Tuesday, July 7, 2015

Firing Black, Experienced Teachers In Camden (and Elsewhere)

A short while ago, the NJ Education Policy Forum published a brief of mine on the school "transformation" plans for Camden, NJ. Doing the sort of analysis I do often requires using a certain wonky, statistical language. But I think it's important to break these things down in a way laypeople can understand them. So let me explain what's happening in Camden, and why anyone who cares about education, social justice, or both should pay attention.

As I explain in the brief, five district schools have been targeted for "transformation" into charter schools run by the big three charter management organizations (CMOs) in Camden: KIPP, Uncommon, and Mastery.

As I've shown in my previous work on Newark, there is very little reason to believe these CMOs will get any better results than the district, all things being equal. That last phrase is the key: unless these CMOs are running schools that have the same student populations, the same resources, and the same student attrition rates, you can't really compare them. The best you can do is use a statistical model to tease out the effects that can be attributed to the schools (understanding that you can, at best, only partially succeed at this task).

When Bruce Baker did his analysis, he found the "great" charters that our media loves to laud aren't really that special after all. Oh, sure, they get better test scores, but only because these charters don't serve the same students, and they have more resources available to them. Which means the district schools are going to have to educate the students the charter won't be serving, and they'll have less money with which to do the job.

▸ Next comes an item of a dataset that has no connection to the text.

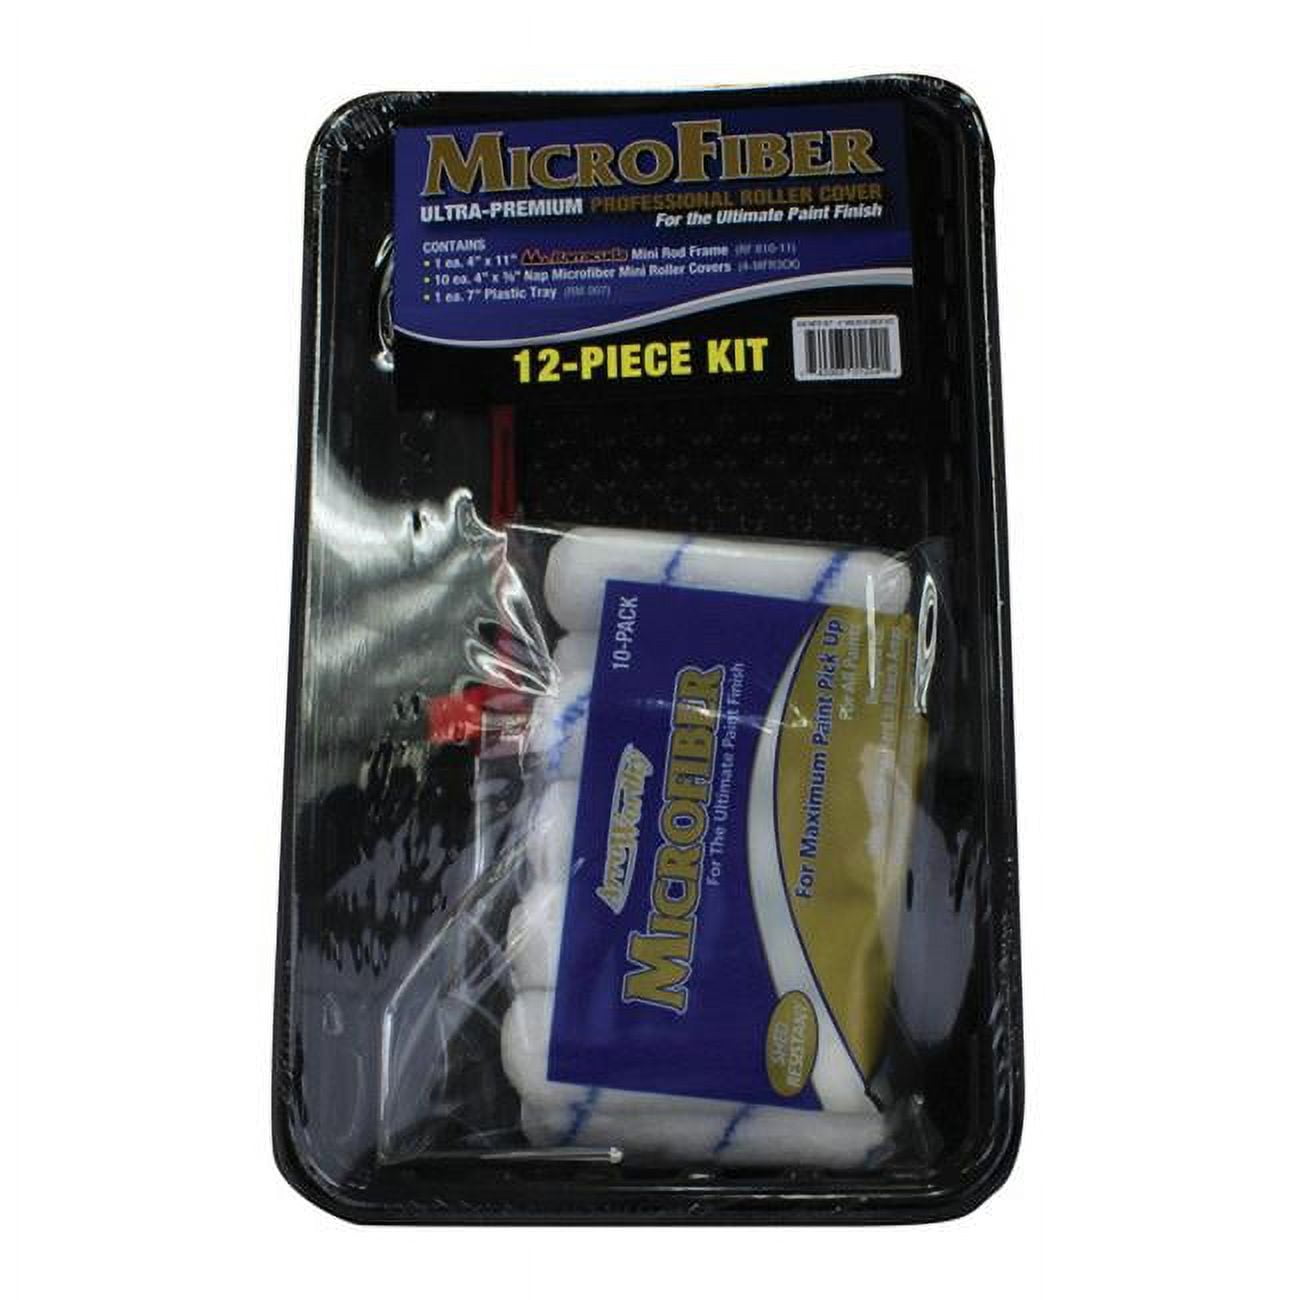 1808021 Microfiber Paint Brush & Roller Cover Kit - 12 Piece

Nonetheless, State Superintendent Paymon Rouhanifard is going through with his plan to turn over these five Camden schools to the CMOs. His justification is that these schools are the "most struggling" in the district:
Every Camden student deserves an excellent education, in a safe and modern school near their house. That is why Camden City School District is partnering with non-profit organizations to transform five of our most struggling schools into renaissance schools. Each partner was carefully selected for their proven history of running successful schools, and will give Camden families more choices to access a safe, high-performing neighborhood public school. [emphasis mine]
Now, I saw this happen before in Newark: a state superintendent claims the schools targeted for intervention are the "worst" schools in the district, and therefore she has to take the radical action of firing staff and/or turning schools over to CMOs. But, as I showed, the schools targeted in Newark weren't the lowest-performing in the district; instead, they were the schools more likely to have black students, boys, free lunch-eligible students, and students with special education needs.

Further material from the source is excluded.